The system is a Debian GNU/Linux.

Krackout
  • 2,642
  • 12
  • 26
  • Please remember to always tell us your operating system. Especially for questions like this since different systems will have different implementations of the basic tools like grep or find. – terdon Apr 28 '23 at 11:03
  • 1
    Don’t change it now, but “not aaa but bbb” is confusing —  “aaa but not bbb” would be clearer. – G-Man Says 'Reinstate Monica' Apr 30 '23 at 06:40

3 Answers3

7

Your command doesn’t work correctly: the first grep will list any file which contains a line not matching "aaa", and the second grep will ignore the first’s output since it’s given its own file to process — so you’ll get a list of files matching "bbb", regardless of whether they contain "aaa" or not. You’d need to ask grep to only list a file if it doesn’t contain any line matching "aaa" (grep -L), and use xargs to process the resulting list of files and only feed that to the second grep (or make the second grep conditional on the result of the first one).

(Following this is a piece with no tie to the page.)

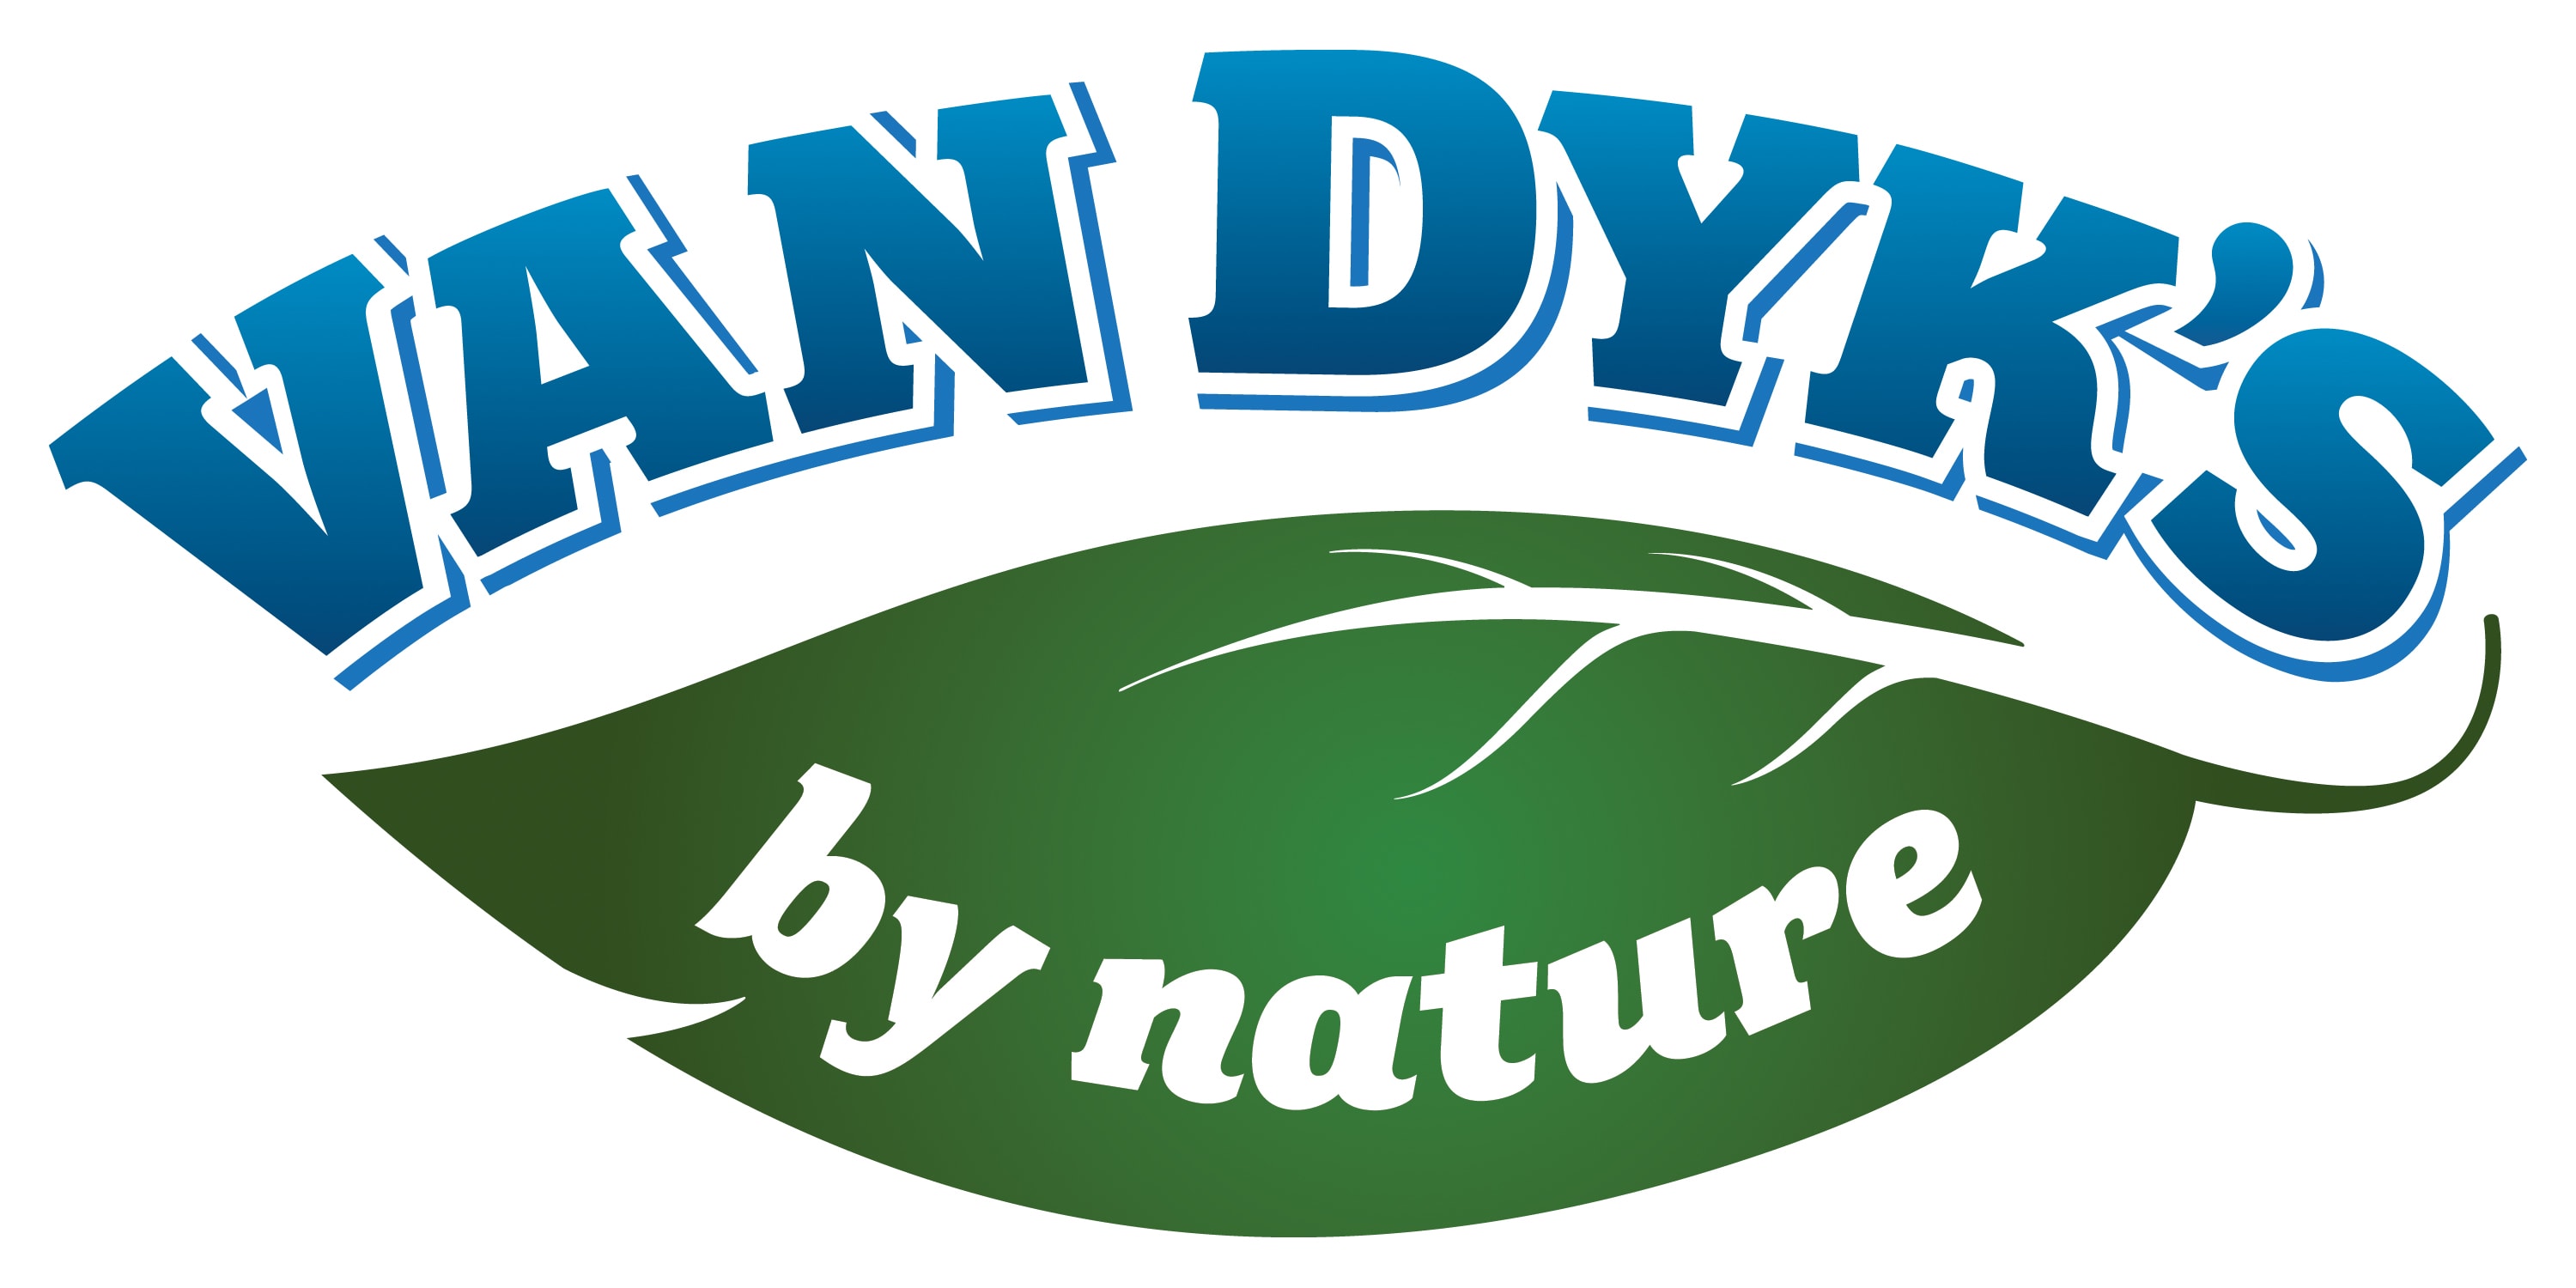 Van Dyk's Health Juice Products Ltd.
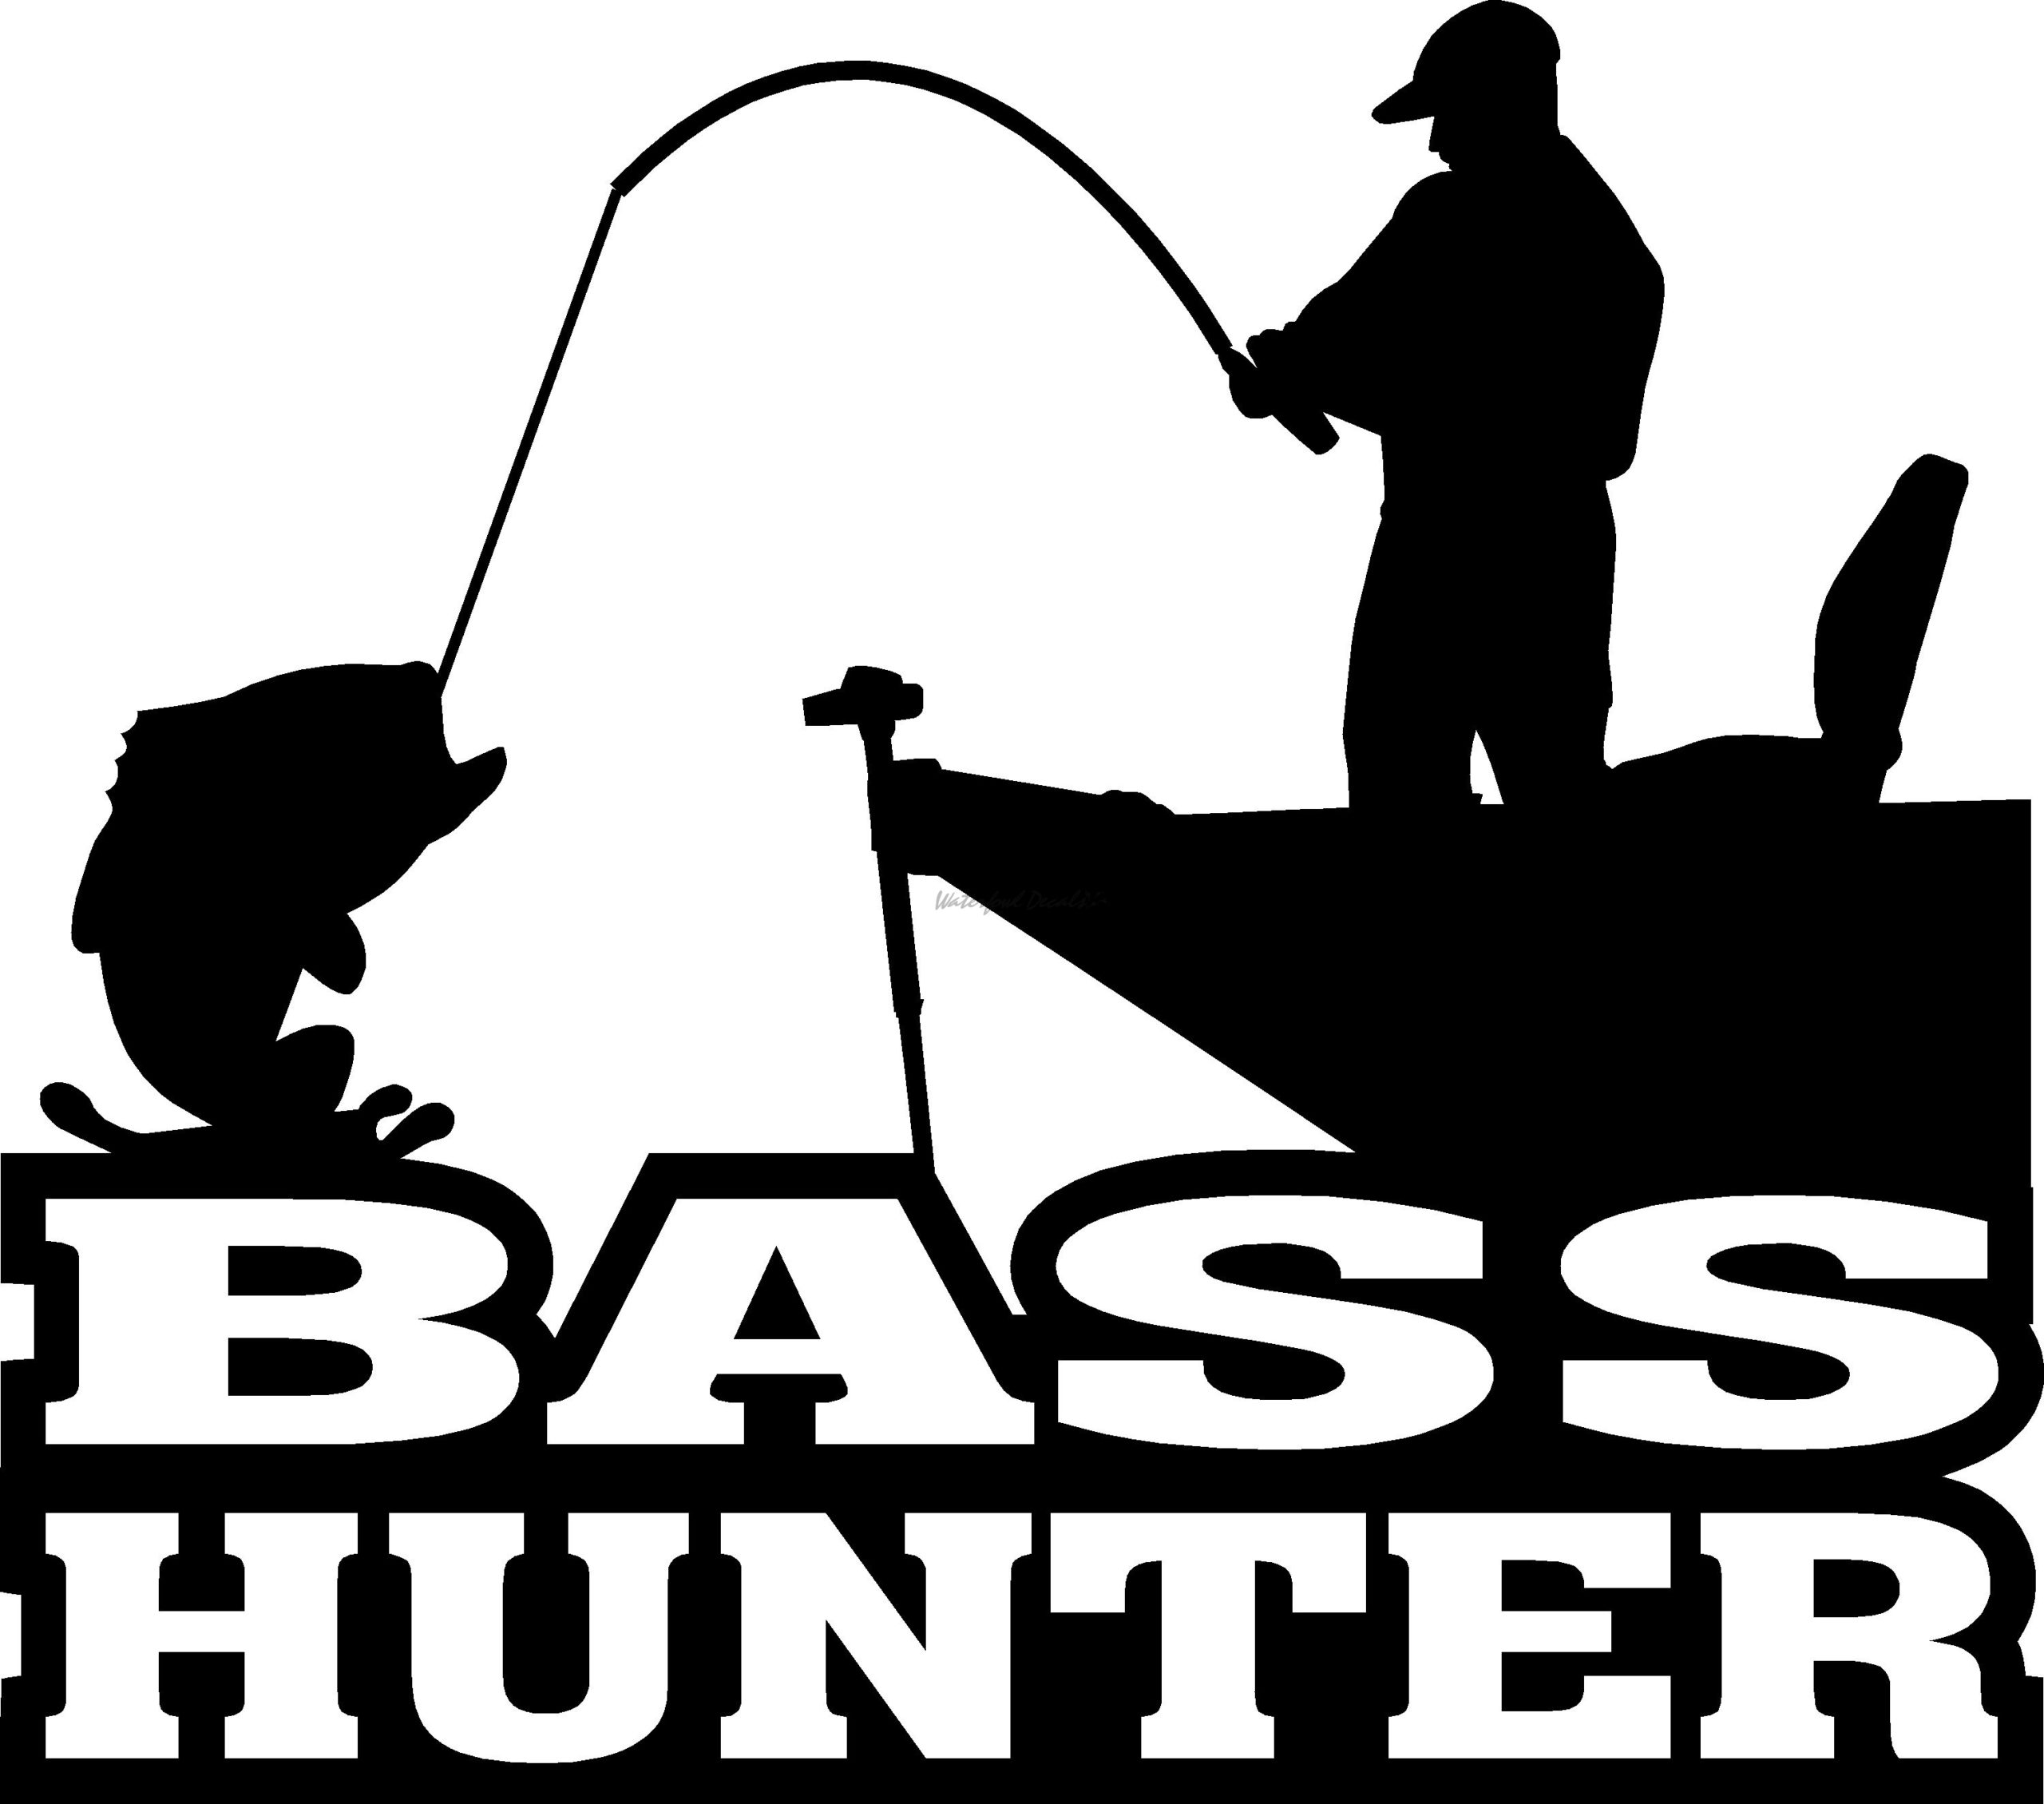 Bass Hunter - Bass Fisherman in Boat Decal - Bass Fishing Decal - 15018 | White

On top of that, it would work only as long as the file names that find lists don’t cause problems for the shell — notably, including {} directly in the command given to sh -c means that file names can end up being interpreted as shell commands (see Is it possible to use `find -exec sh -c` safely? for details).

The following will require fewer grep invocations and is safer, assuming you’re using GNU grep:

find /path/ \( -iname '*.php*' -o -name '*.pl*' \) -exec grep -LZ aaa {} + |
  xargs -r0 grep -l bbb

The -or operator is a GNU extension to find.  Use -o for portability.

Stephen Kitt
  • 434,908
5

Untested but this should do what I think you want, using GNU awk for nextfile and ENDFILE

find /path/ \( -iname '*.php*' -or -name '*.pl*' \) -exec awk '
    /aaa/{a=1} /bbb/{b=1} a&&b{nextfile} ENDFILE{if (b && !a) print FILENAME; a=b=0}
' {} + > resulttofile

The above only calls awk once on multiple files at a time so should be efficient.

The above is how to generally match multiple patterns in a file and then evaluate the results of the combination of matches once the file has been fully read but as @G-Man Says 'Reinstate Monica' mentioned in a comment you could make it more efficient in this specific case by stopping reading the current file if/when aaa matches since the success criteria is for aaa not to be present:

/aaa/{a=1; nextfile} /bbb/{b=1} ENDFILE{if (b && !a) print FILENAME; a=b=0}
Ed Morton
  • 31,617
3

You may chain multiple -exec directives (or other ones) together with one find command:

find /path \( -iname '*.php*' -or -name '*.pl*' \) -exec grep -q "bbb" {} ";" \
     -exec grep -L "aaa" {} ";" > resulttofile

(The linebreak is only to fit the layout of SE).

terdon
  • 242,166
user unknown
  • 10,482